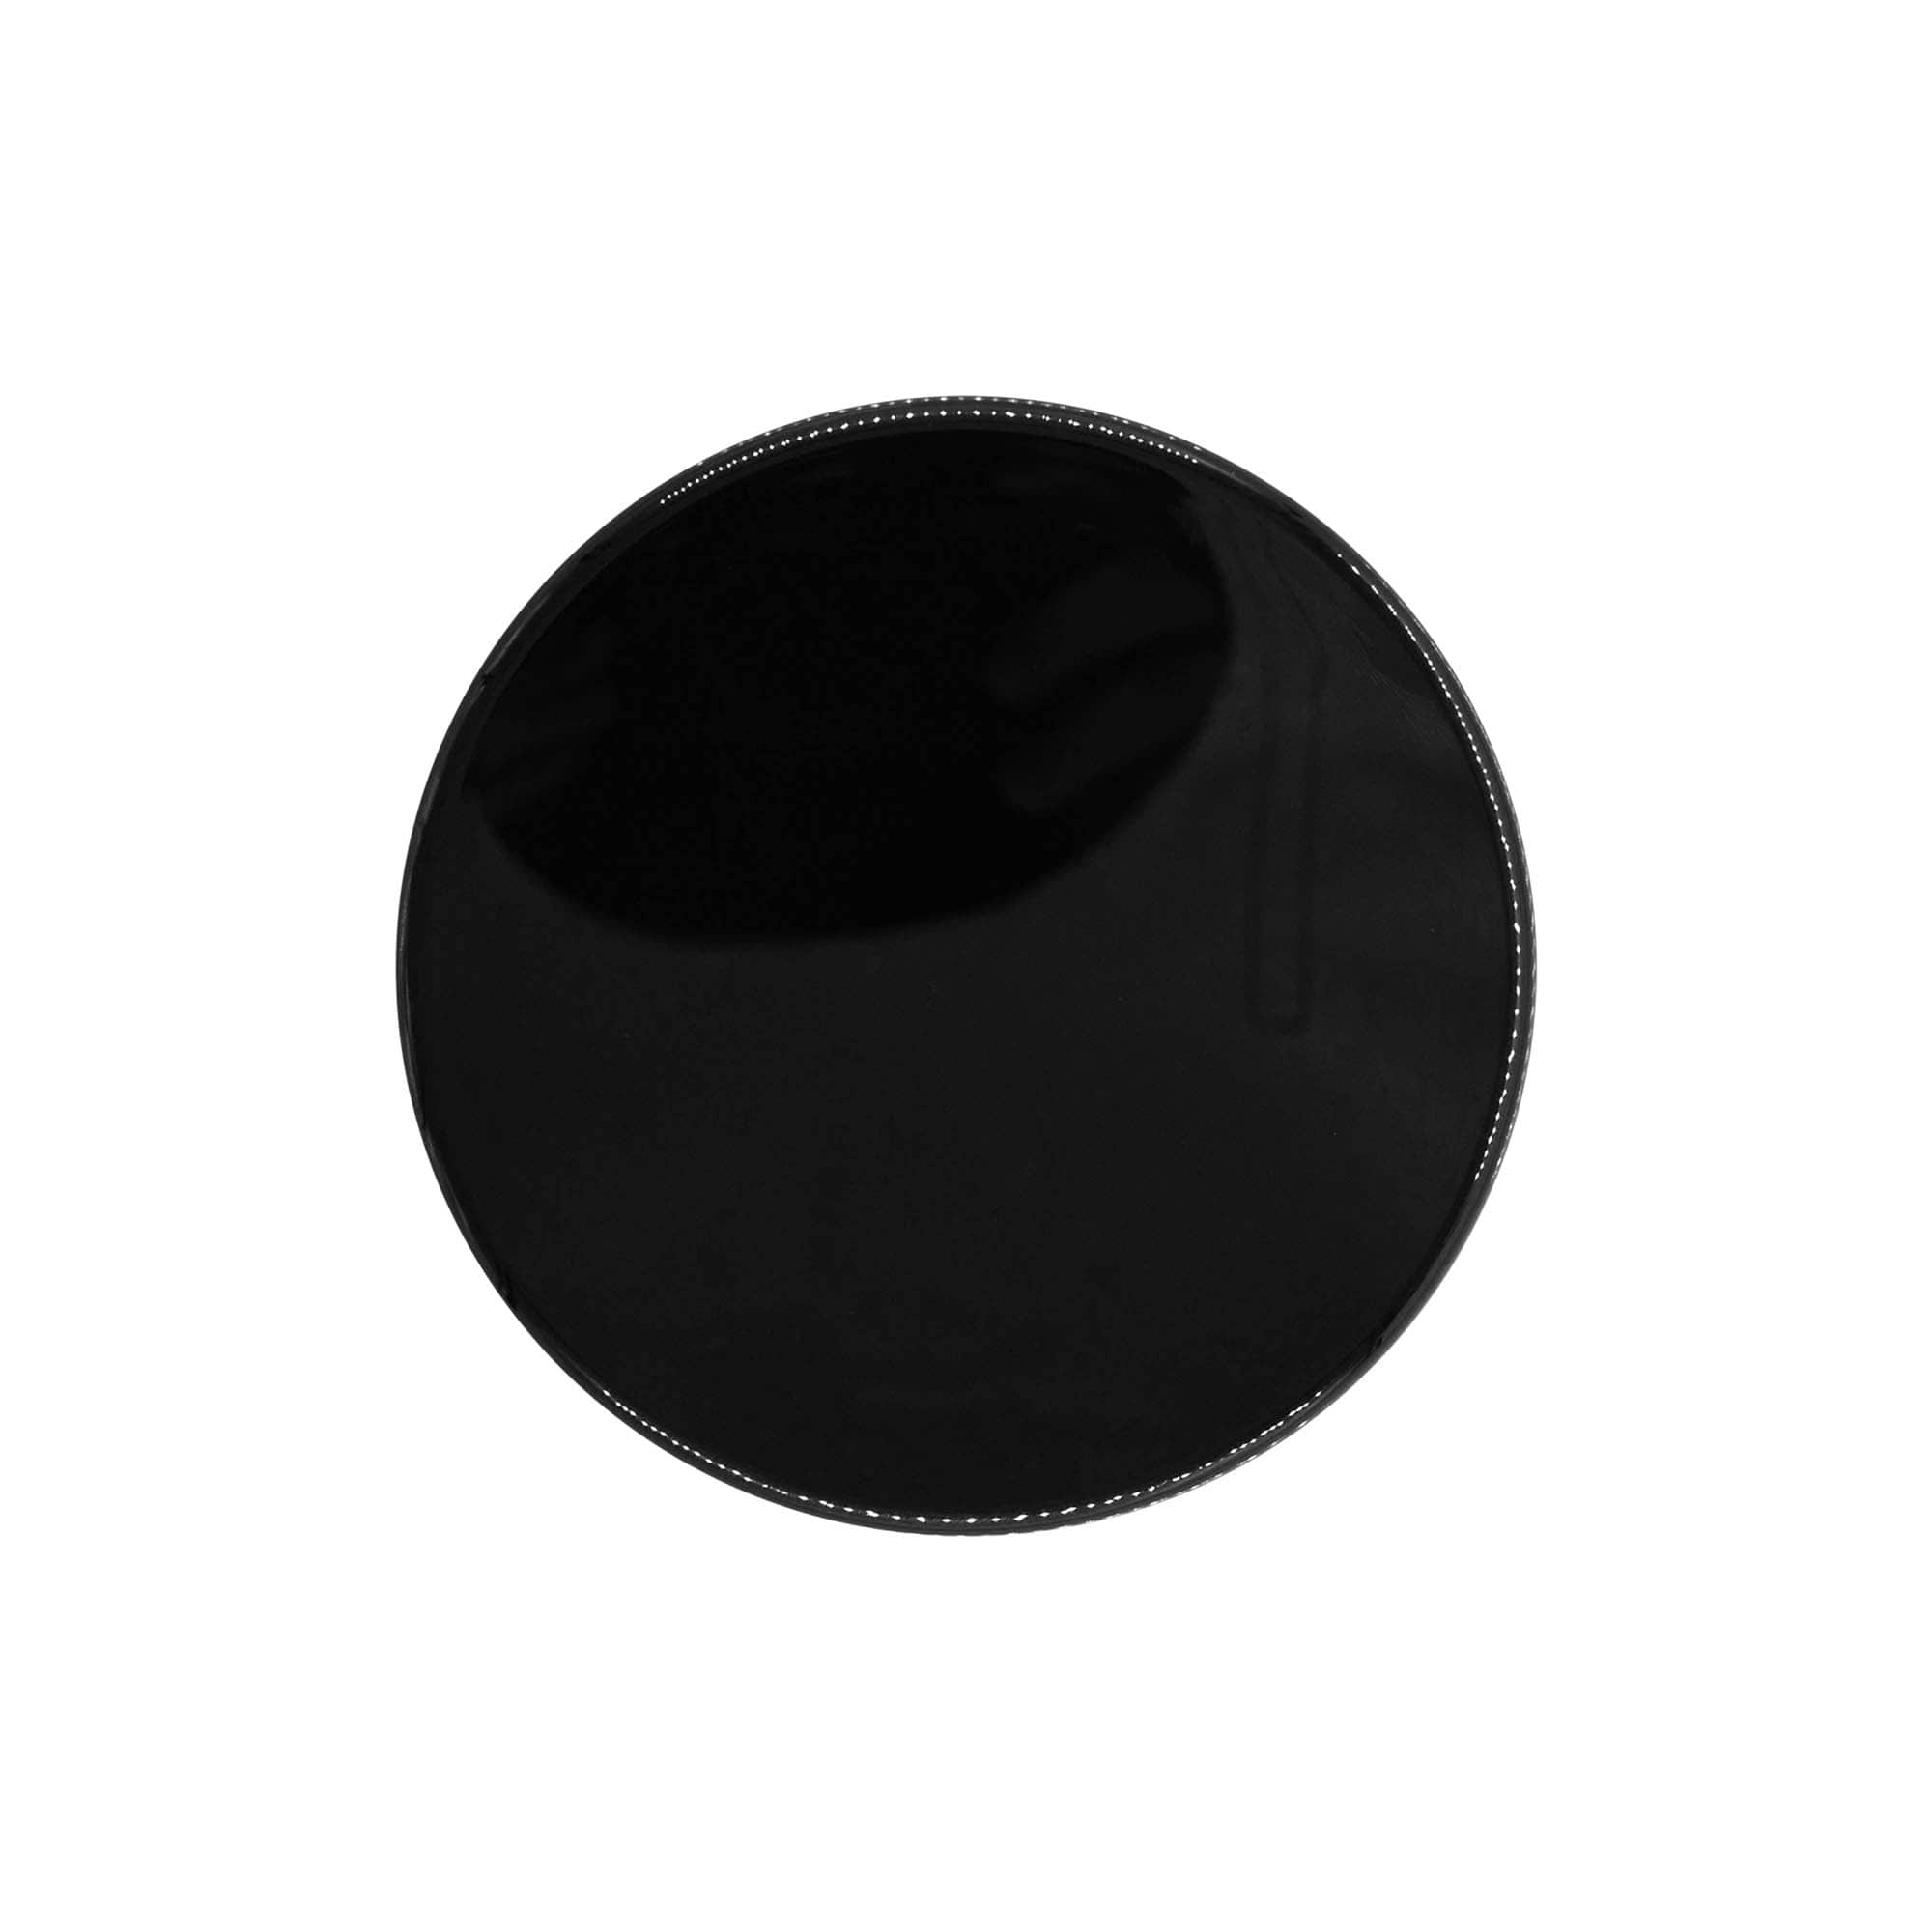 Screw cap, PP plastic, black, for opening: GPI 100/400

* * *

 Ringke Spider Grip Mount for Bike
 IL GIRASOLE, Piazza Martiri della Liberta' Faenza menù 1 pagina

--

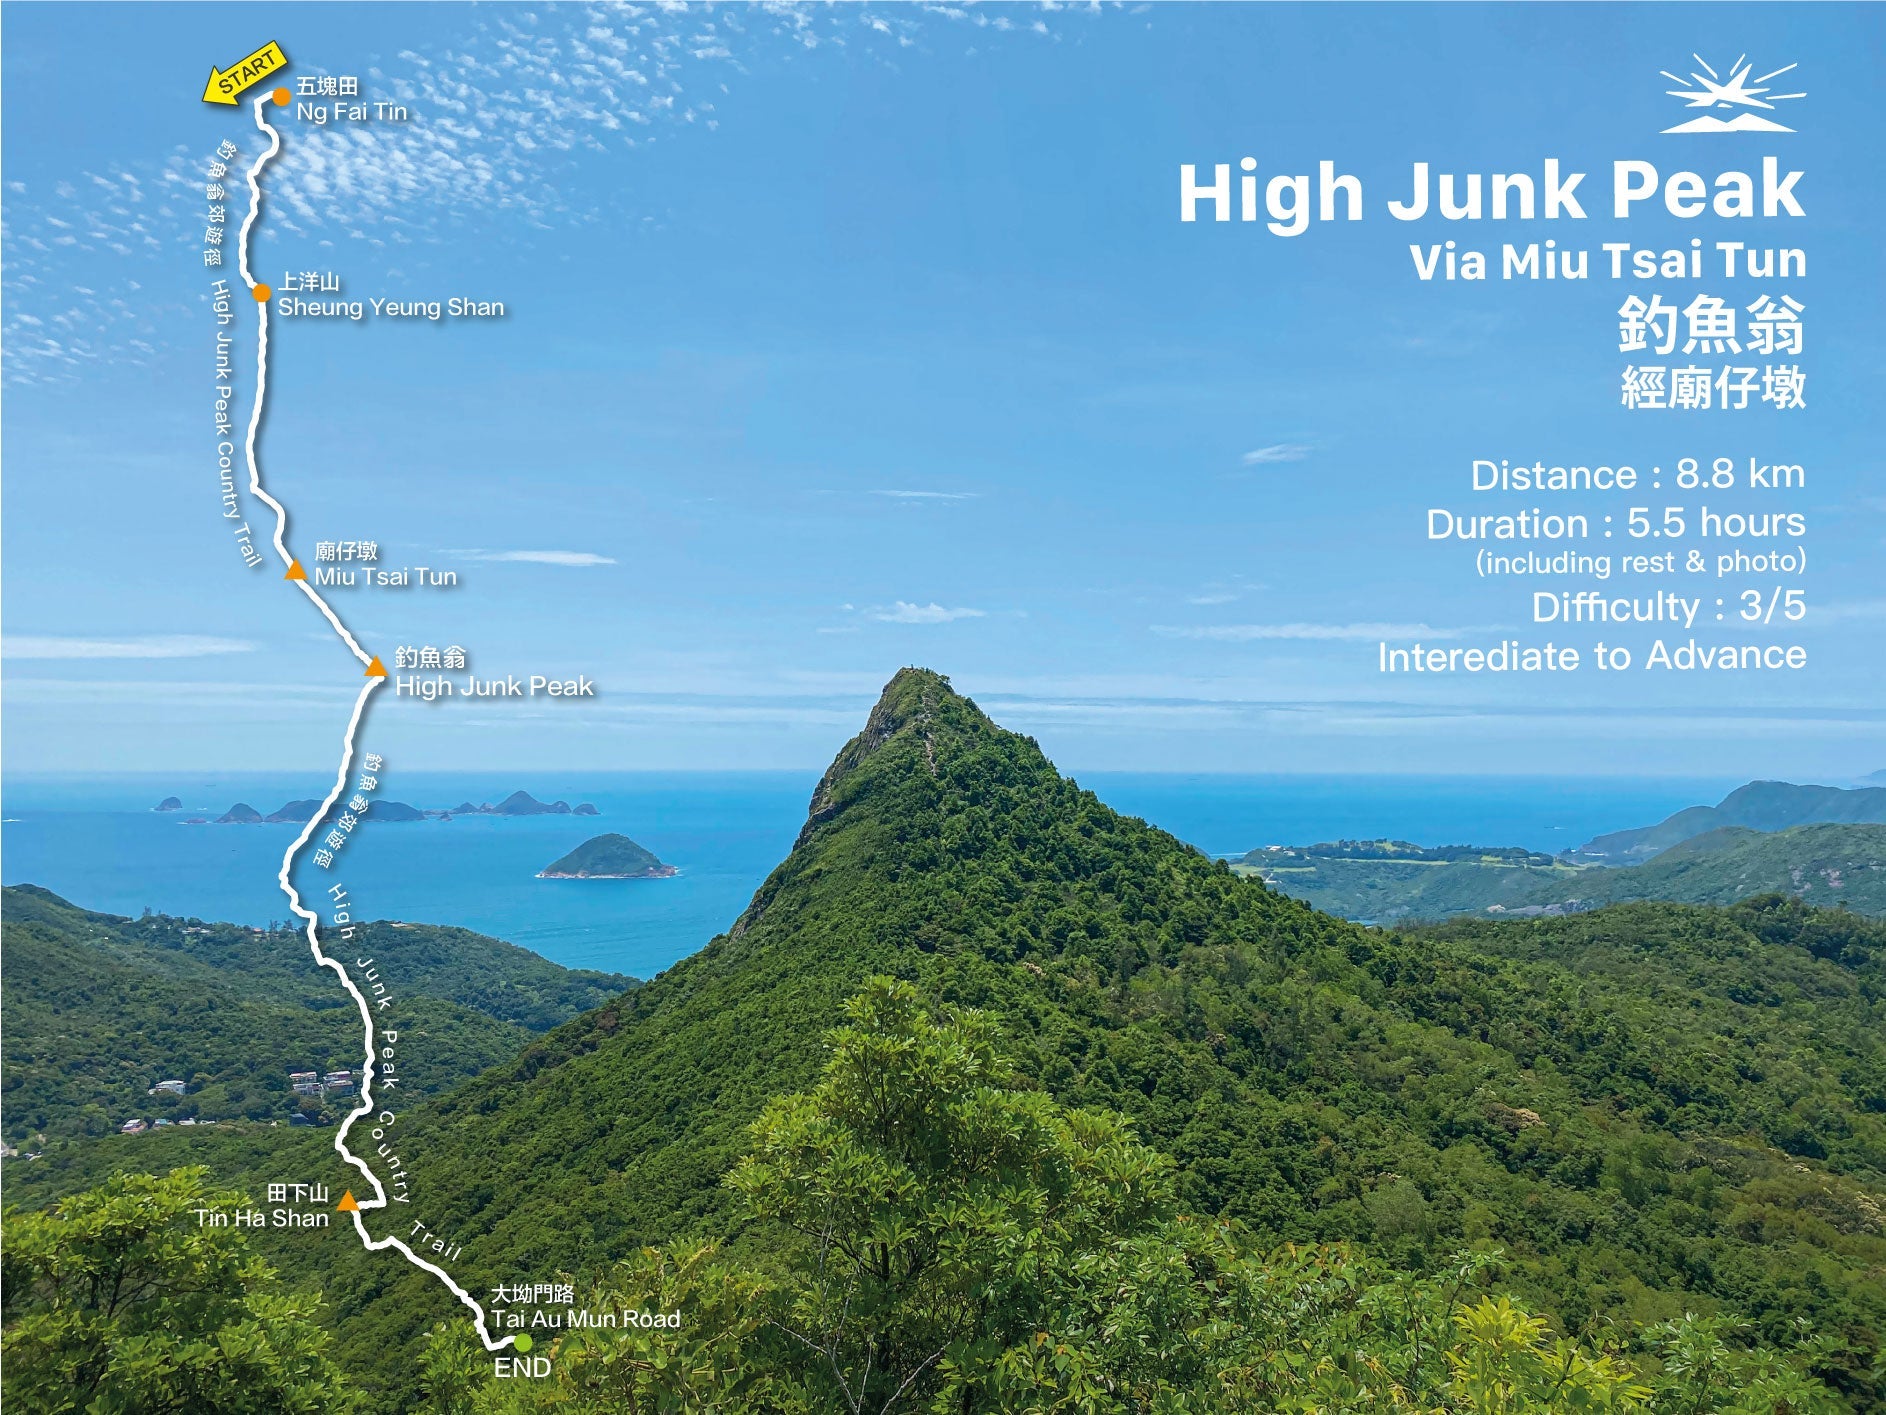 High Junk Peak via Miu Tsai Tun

# The task
Out of the material above, output word for word the line with "Ringke Spider Grip Mount for Bike", the line with "IL GIRASOLE, Piazza", and all lines between them, with nothing else.

# Answer area
 Ringke Spider Grip Mount for Bike
 IL GIRASOLE, Piazza Martiri della Liberta' Faenza menù 1 pagina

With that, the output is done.